Where is the 3x factor coming from? In the ticket it is mentioned that it's related to the connection charset being utf-8. Switch the connection charset to latin1, and the numbers get reported properly (at least for latin1-encoded tables).
The number in question here is the internal_size element of the description returned by the connection cursor. The value is defined by the Python DB API (
http://www.python.org/dev/peps/pep-0249/) but I can find no good description of what it is supposed to be, exactly.
MySQLdb (or underlying code it is using) appears to be implementing this as the maximum number of bytes that may be needed to hold a value returned from this column on this connection.
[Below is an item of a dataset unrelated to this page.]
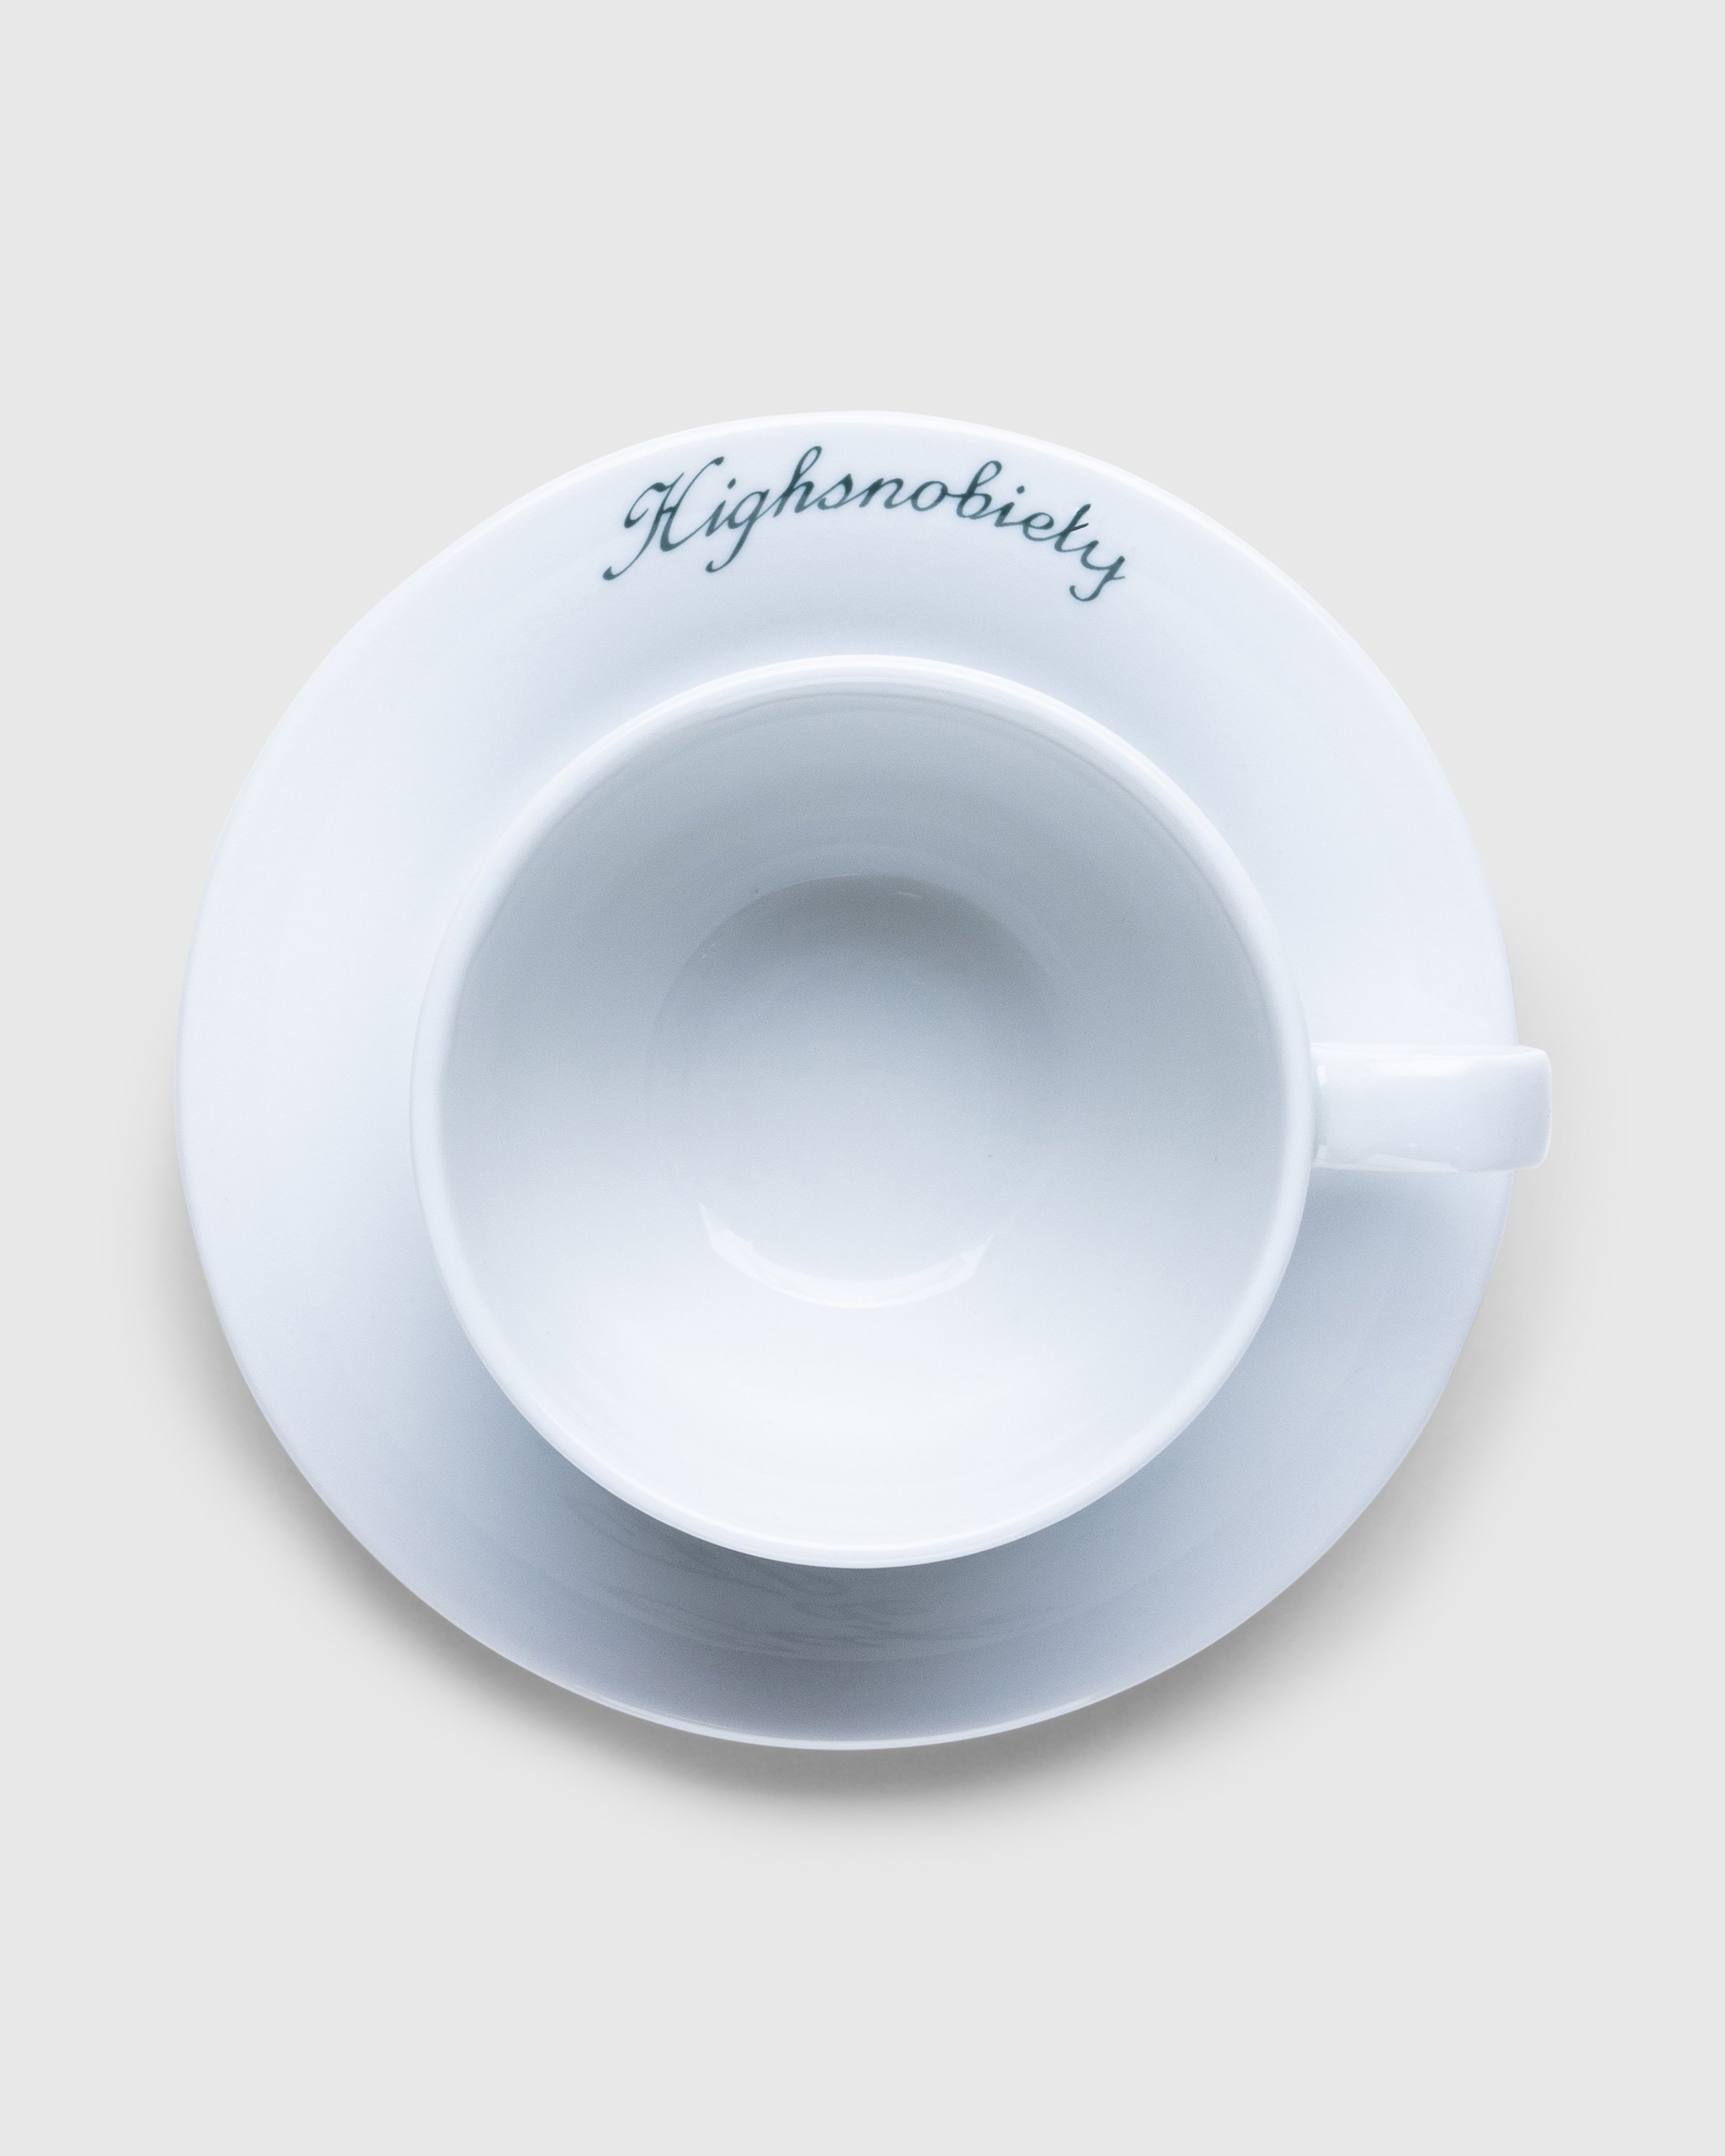 Café de Flore x Highsnobiety - Breakfast Cup and Saucer - Lifestyle - White - Image 3

That is, since on the DB side the length specification (since MySQL 4.1) describes the number of characters that may be stored in the column, and since a character may require as many as 3 bytes in utf-8 encoding (MySQL does not implement 4-byte utf-8 support), some code somewhere is taking the max-length-in-characters value and multiplying it by 3 to come up with a maximum number of bytes that may be required to store a value from this column in the connection's charset.
Since Django is always going to set the connection charset to utf-8, and since inspectdb should be reporting character lengths, not byte lengths, it might be sufficient to take the internal_size value and divide by 3 to get character length values. That might work so long as the underlying value returned by MySQLdb doesn't change, yet this page:
http://benanne.net/code/?p=352states the value returned is wrong and there's a fix (without giving any details on how it is wrong, what the fix is, nor when it might appear in a release of MySQLdb). And I don't have any more time to play with investigation on this...but if different versions of MySQLdb are going to be reporting different values here then fixing this in Django will be a it more complicated than unconditionally dividing by 3....though still not quite as bad as thought to be in the ticket, I don't think.
Karen